みなさま、こんにちは。暗素研のサクライです。
今回は、弊社製品が日本の宇宙開発の一助になっているお話の第三弾になります。


国立研究開発法人宇宙航空研究開発機構(JAXA)スタートラッカー試験のための暗室に使用されているIR1500 、天の川銀河研究センターの天体観測用望遠鏡の可視光線カメラに使用されているファインシャット極と、これまでこのブログでは、弊社製品が宇宙開発の先端研究の現場で使われていることをお知らせしてきました。


今回、またまたJAXAさまの施設、相模原キャンパスの屋上天体観測用望遠鏡の迷光対策に、弊社のファインシャット極が効果を発揮しているというお話を聞きつけ、サクライが取材させてもらいましたので報告させていただきます。

相模原キャンパスにお邪魔しました!

今回お邪魔したのは、 JAXA相模原キャンパス 。太陽の活動や月・惑星、ブラックホール、銀河の成り立ちなど、宇宙に関するさまざまな謎を研究している施設です。
場所は、淵野辺駅から歩いて20分、緑に囲まれた静かな場所にあります。

キャンパス内に入ると、全長30mもある大きなロケットの実機もあって、日本の宇宙開発の先端研究を行っている施設という雰囲気がしてきてワクワクします。

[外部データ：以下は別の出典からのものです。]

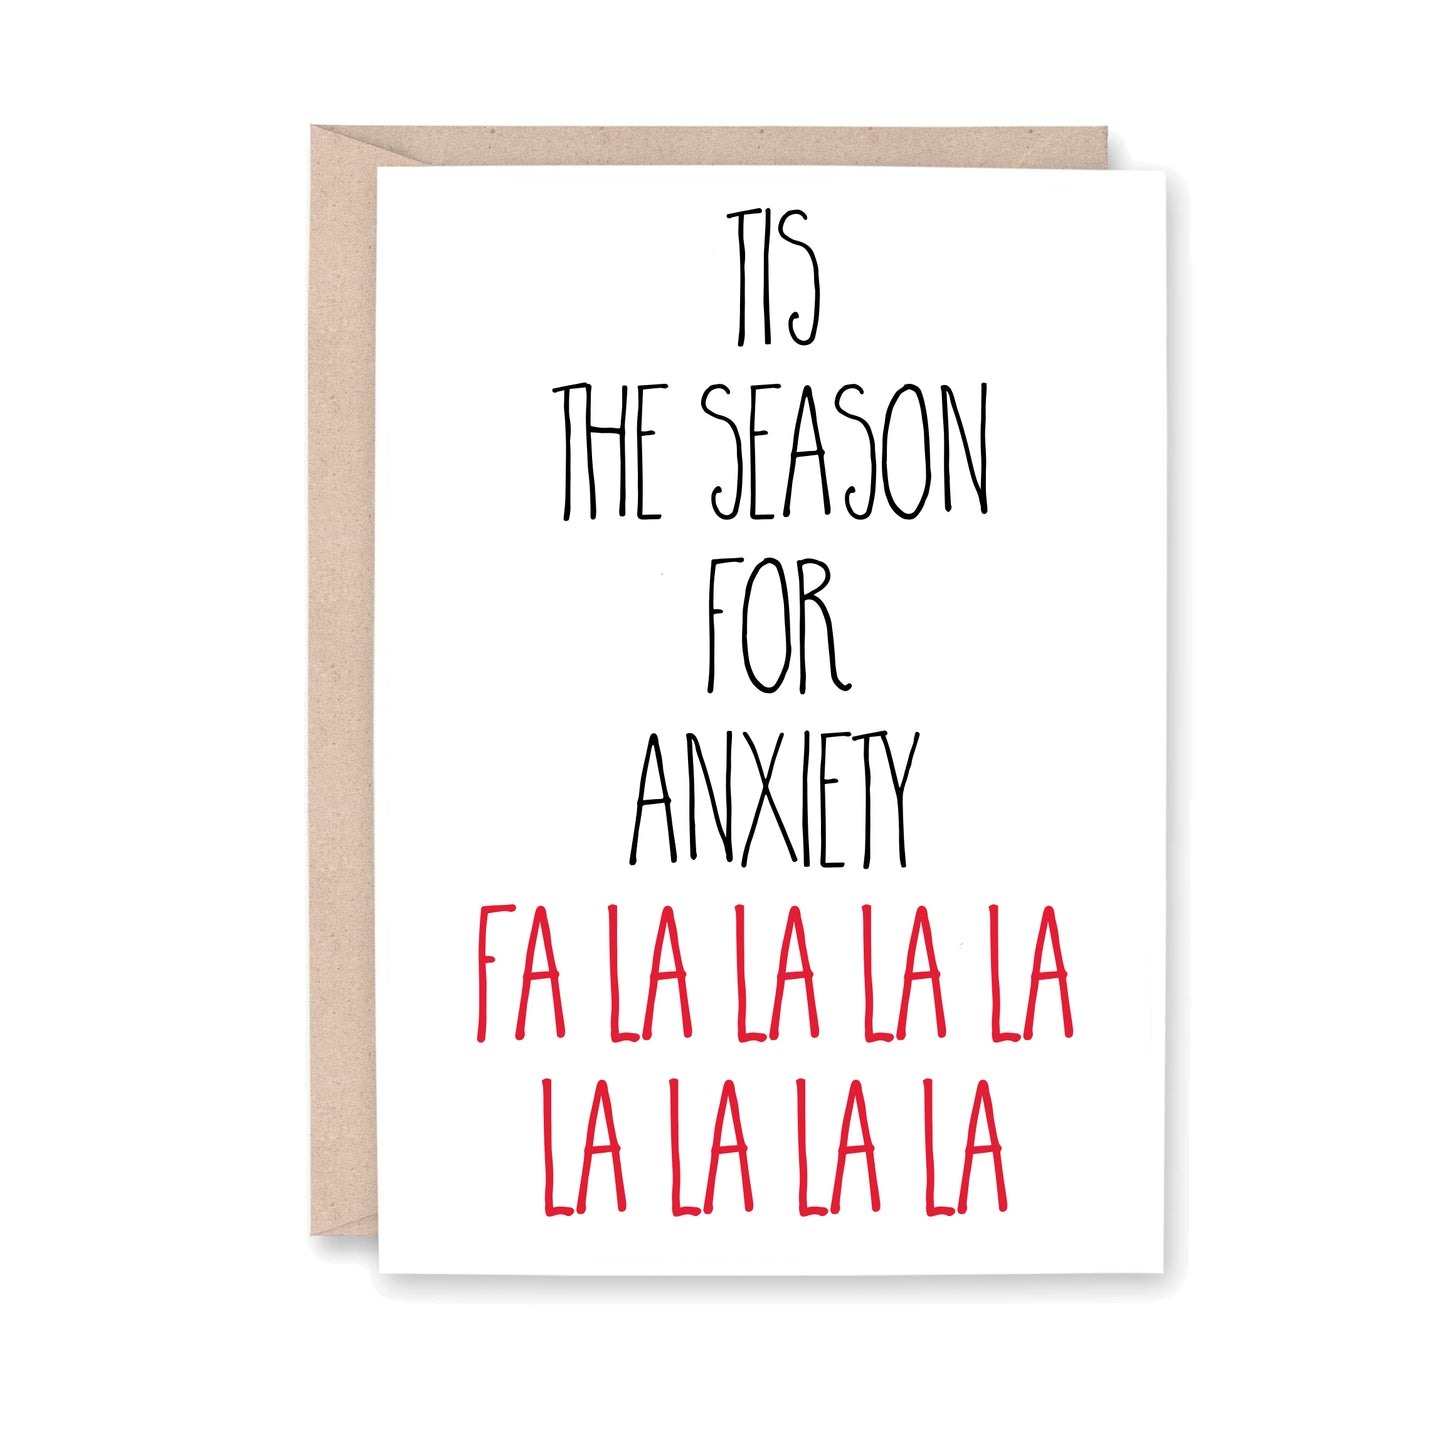 Tis the season for anxiety fa la la la la la la la la

JAXA相模原キャンパスの空撮写真。ブログ記事で訪問した研究棟や、屋外に展示されている実物大ロケットモデルの全景。
JAXA相模原キャンパスの特別公開時の様子。多くの見学者が、屋外に展示されたM-V(ミューファイブ)ロケットの実物大モデルの横を歩いている。
   ↑ 平成27年度相模原キャンパス特別公開時の様子

まずは、今回ファインシャット極をご購入いただいた、宮川研究員にインタビュー。


JAXA相模原キャンパスの屋上天文台は、ハワイにある日本の国立天台の大型光学赤外線望遠鏡であるすばる望遠鏡のプロトタイプとして1988年に作られたとのこと。当時、大型の経緯台式天体観測望遠鏡の作製実績のなかった日本。すばる望遠鏡の建設前に経緯台式天体観測用望遠鏡の実績をつくるために作られた歴史のある望遠鏡なのだそう。

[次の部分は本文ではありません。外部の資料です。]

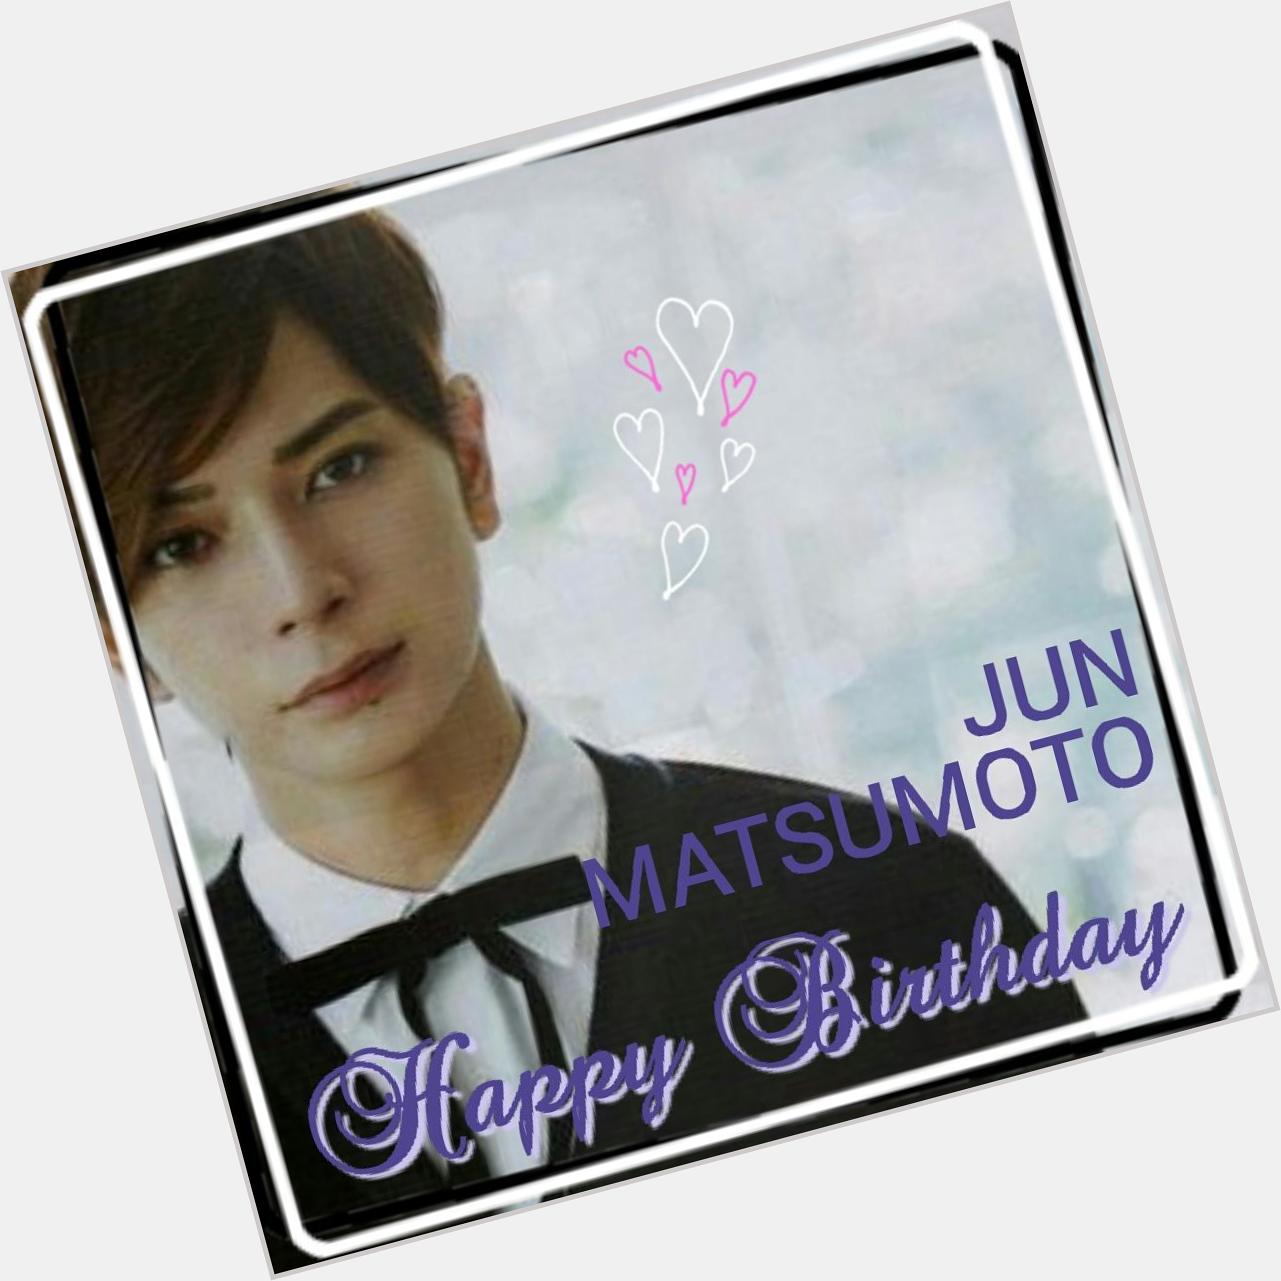 JUN MATSUMOTO 
Happy Birthday   1983.08.30 2015.08.30

建設当時は周囲が暗く、天体観測に問題はなかったのですが、年月とともに街が発展、明かりが強くなり、望遠鏡の迷光として問題になってきたというお話でした。


そこで宮川研究員が、望遠鏡の迷光対策として着目したのが暗素研の誇る迷光防止シートファインシャット極です。


もともとTVなどで弊社を知っていてくださった宮川研究員、相模原キャンパスの屋上天体望遠鏡が街明かりでノイズが入ることが分かった時に、弊社のHPから迷光対策素材を選んでいただいたとのこと。そこで選んでいただいたのがファインシャット極

反射防止素材『ファインシャット極』のご紹介

それではここで、ファインシャット極の製品紹介をさせていただきたいと思います。

優れた光学特性と薄さの両立

ファインシャットシリーズは光学機器内部の反射防止素材として開発された、極細発泡のポリウレタンシートで、優れた光学特性と薄さを両立しています。ファインシャット極は、素材や特性はそのままに、表面に複雑な凹凸を形成して光吸収性能を更に向上させたグレードになります。

赤外領域での高い光吸収性能

赤外領域での高い光吸収性能も本製品の特徴です。一般的な迷光対策資材である植毛(フロック)処理で用いられるパイルは染料によって黒く染められています。染料による黒は見た目には黒くても、人間の感知できる波長上限に近い700nm以上の長波長では光吸収性能を大きく損ない、近赤外線の迷光対策に使用することができなくなります。ファインシャットシリーズは染料由来の黒ではなく、原料にカーボンを練り込んだ黒さですので、可視光から赤外域まで安定した光吸収効果を得ることができます。近赤外にも波長感度を持つ産業用カメラの迷光対策資材に最適です。

『ファインシャット極』の効果

実際にファインシャット極は天体観測用望遠鏡の可視光カメラの内部や望遠鏡の躯体の迷光防止に使用いただいているようです。データ上でも光のノイズが減ったことを実感しているとのこと。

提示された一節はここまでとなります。